In fairness, I was being difficult. I was having a fit over something insignificant. It was mortifying to realize that the people who cared about me thought I was a total pain. For years I had been desperately trying to appear chill, easygoing, or low-maintenance. In the immortal words of Gone Girl’s Amy Dunne, I wanted to be a “cool girl.”
I’ve not yet been called a “cool girl.” Instead, I’ve learned that I’m difficult. If you want to be kind about it, I’m high-strung. Others might say I’m a nervous wreck. I’m foolishly stubborn, I have a hair-trigger temper, and I’m incapable of forgiving people who’ve wronged me. When my heart breaks, I don’t try to get over it; I want to lie in the street outside my ex’s house and throw a temper tantrum. I want to wear a T-shirt announcing my juvenile agony to the entire world. Sometimes, I wonder if I was born already holding grudges. I’m obsessed with the idea that I’m a bad person, that I need to identify all my awful traits and destroy them.

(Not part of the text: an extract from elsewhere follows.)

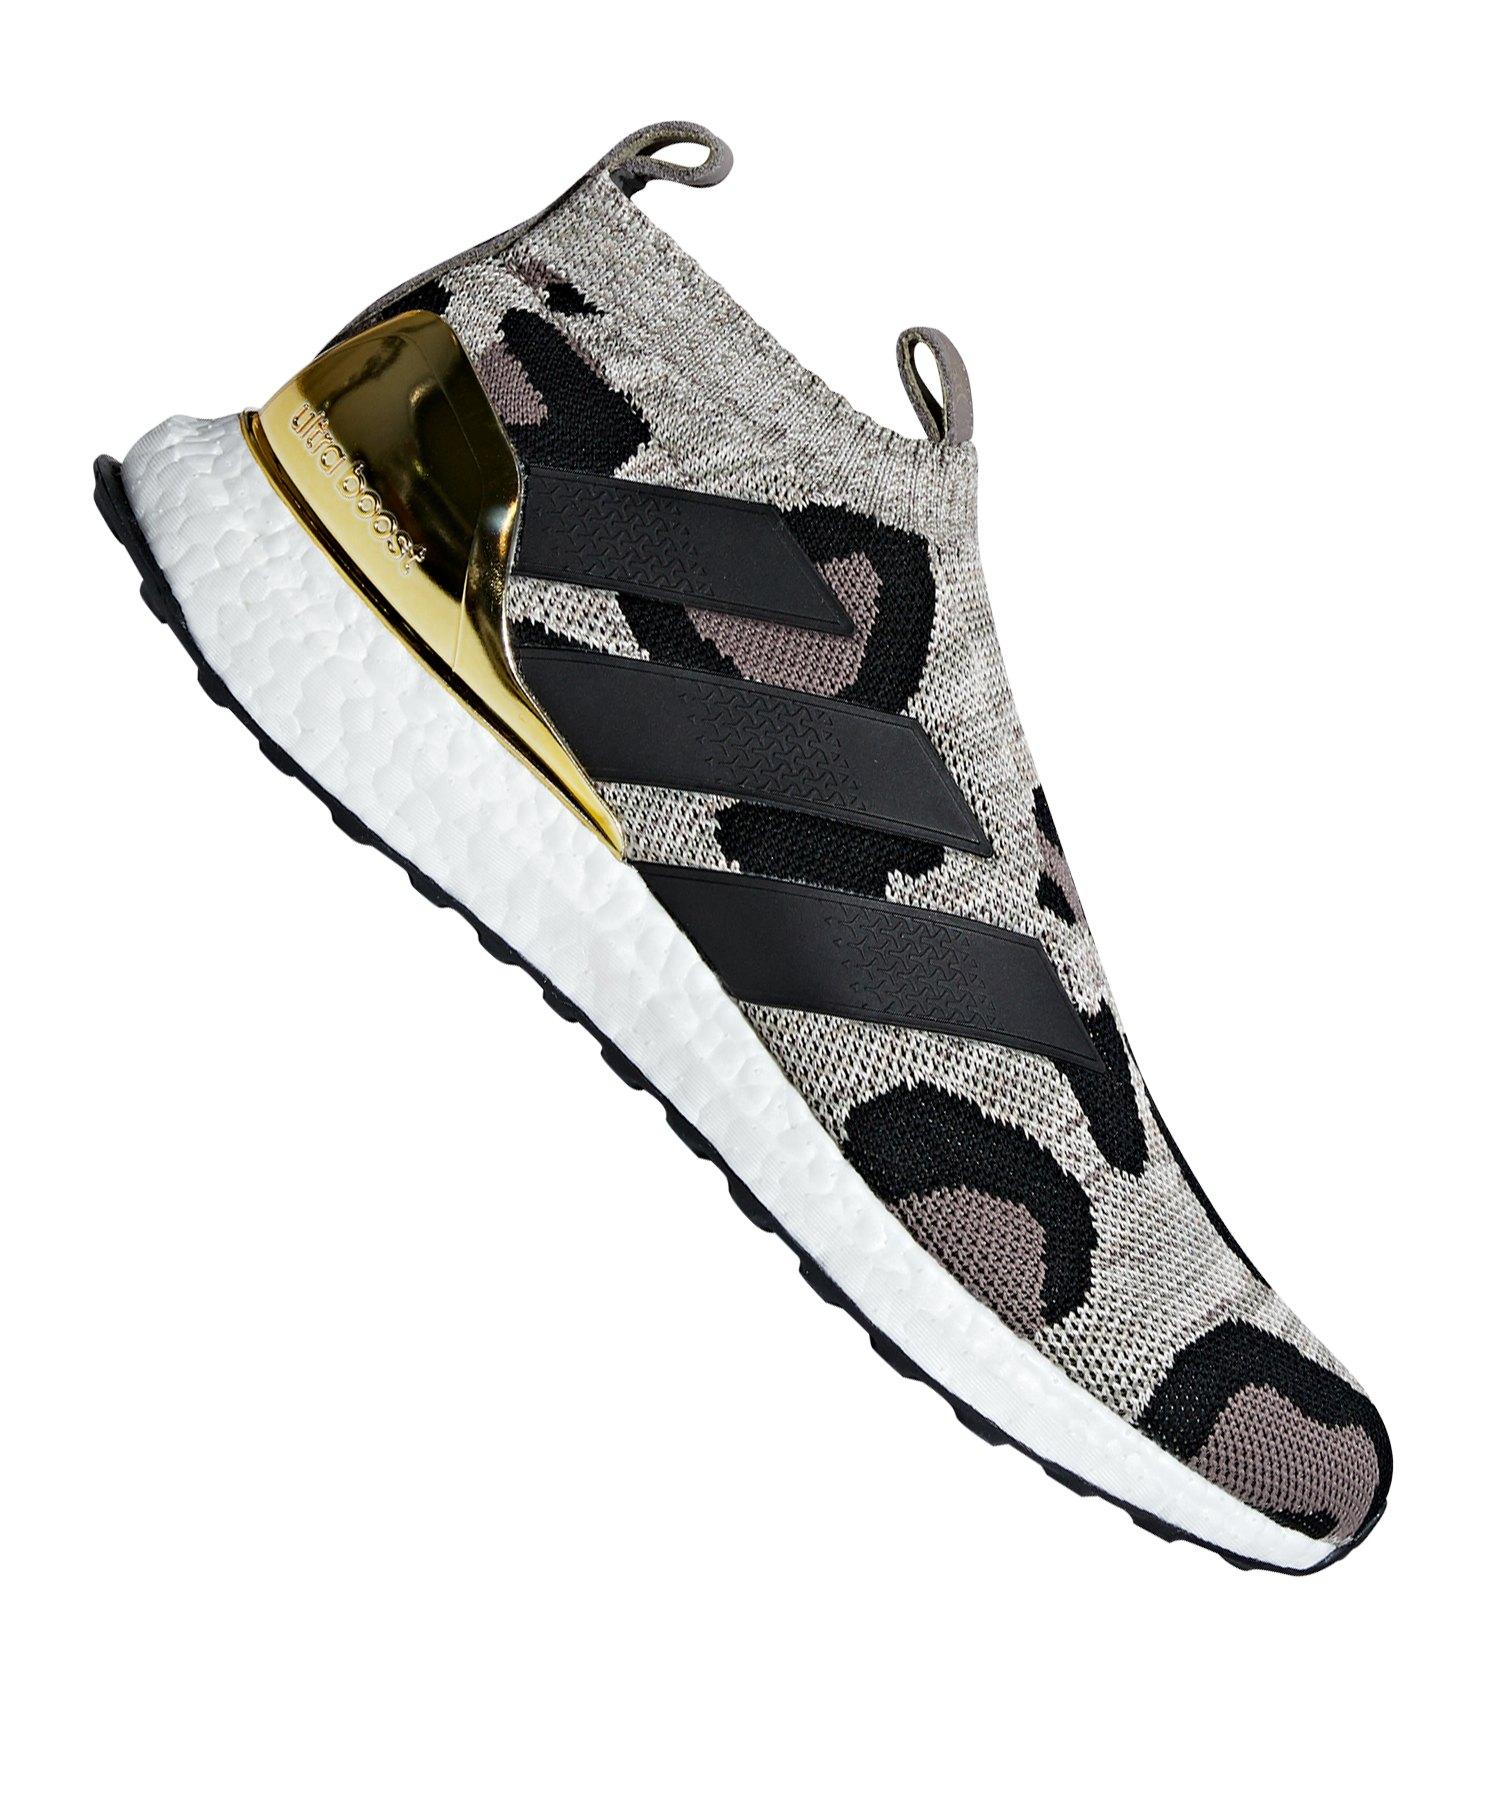 schuh schuh jogging braun braun adidas schuh adidas adidas jogging KFl31TJc
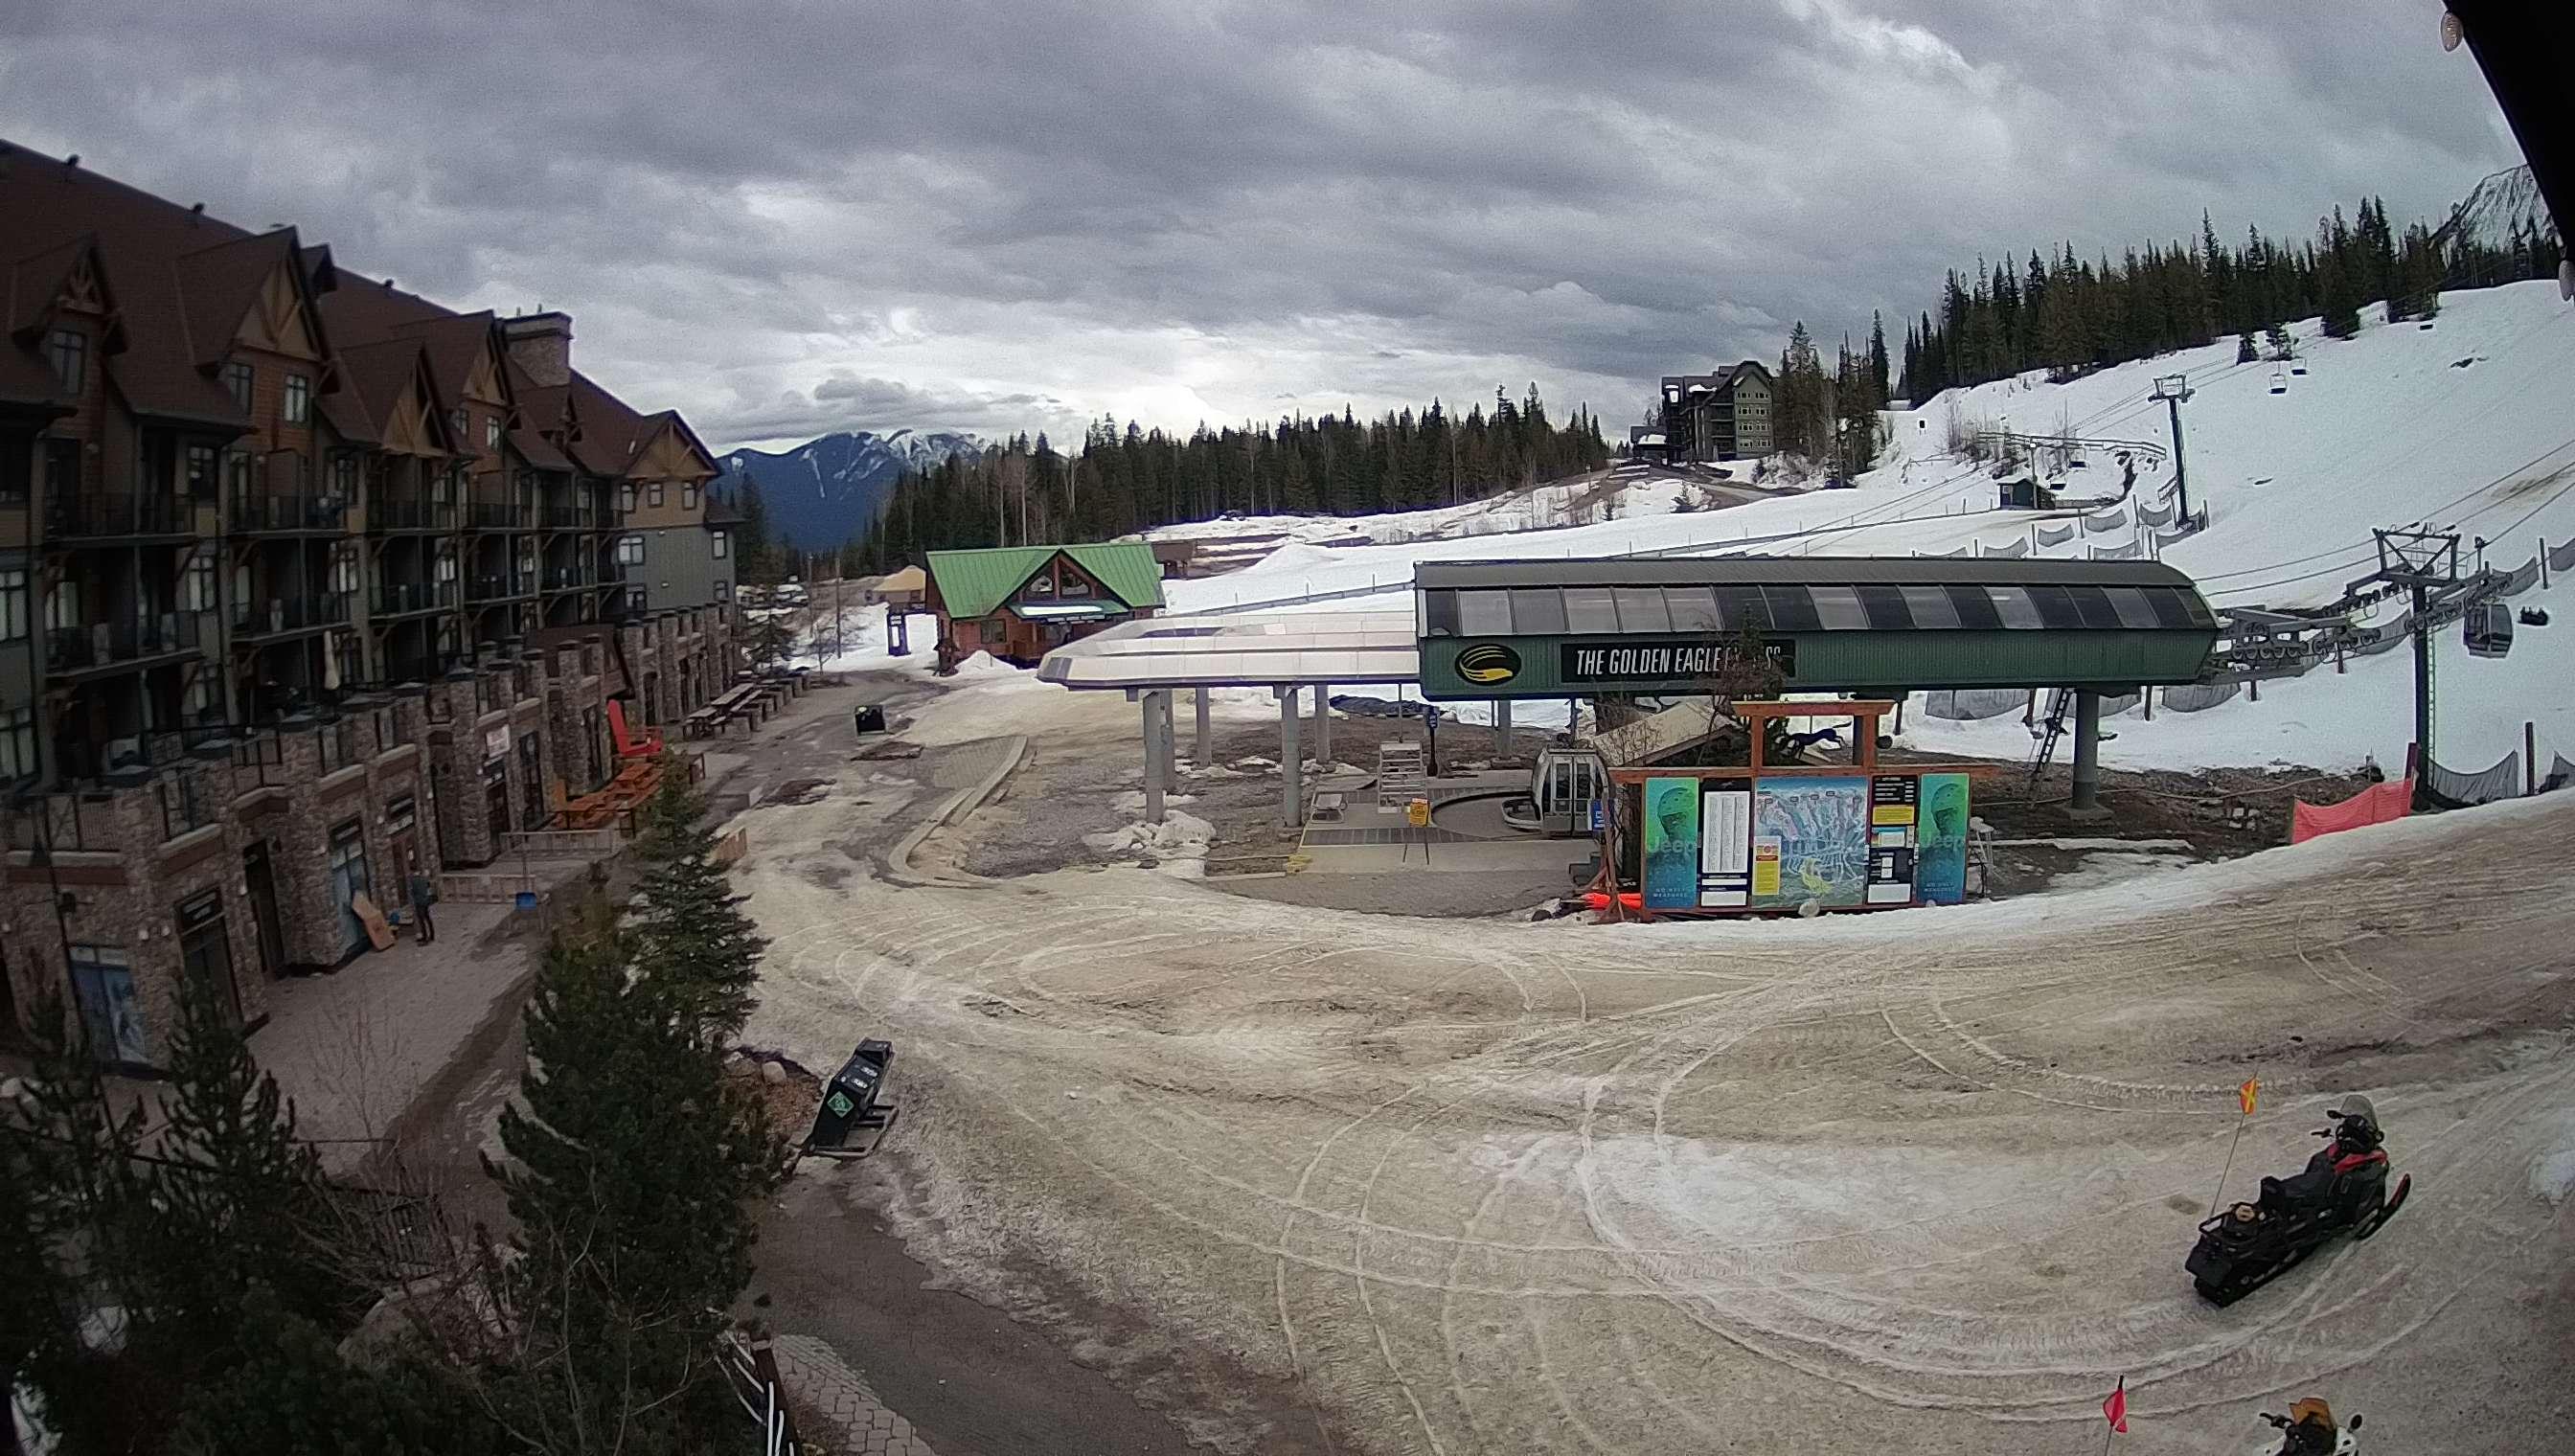 Kicking Horse Mountain Resort - Champagne Powder Capital of Canada™ 8713a92da53

If you Google “difficult person,” a test comes up. It’ll give you a percentage to show how difficult you are (I got a 54.29%, if you’re curious). Other search results: lists of ways to cope with difficult partners, how to deal with difficult people in the workplace, how to spot symptoms of difficulty within yourself, and how to obliterate them. It’s always someone else who’s the problem; you never want to be that person. But what does “difficult” really mean? How do we use the word? Who do we perceive to be “difficult?”
Too often, women - particularly women of colour and women who are queer, disabled, or dealing with mental illness - are labeled “difficult” when they’re genuinely struggling, or simply speaking their mind. It’s a way of silencing us, of minimizing our pain. People who’ve preached the importance of sound mental health have abandoned me when I’m physically sick from anxiety or barely able to leave my bed. I’ve been called a “bitch,” a “cunt,” and other things I can’t repeat by men who grope me at clubs or scream at me from their cars, because I have the audacity to tell them to fuck off. I don’t want to self-victimize, but I’m tired of having my feelings invalidated because they’re painful or make other people uncomfortable. I’m tired of being dismissed as difficult. I don’t think I’m alone in that, either.
But so what if I’m difficult? I can definitely work on being kinder and more considerate to the people in my life, but I can’t overhaul my whole personality. While I wouldn’t say being difficult is inherently emancipatory, I understand now that what makes me difficult is what keeps me true to myself. Maybe I’m not the easiest to love or live with, but honestly, is anyone?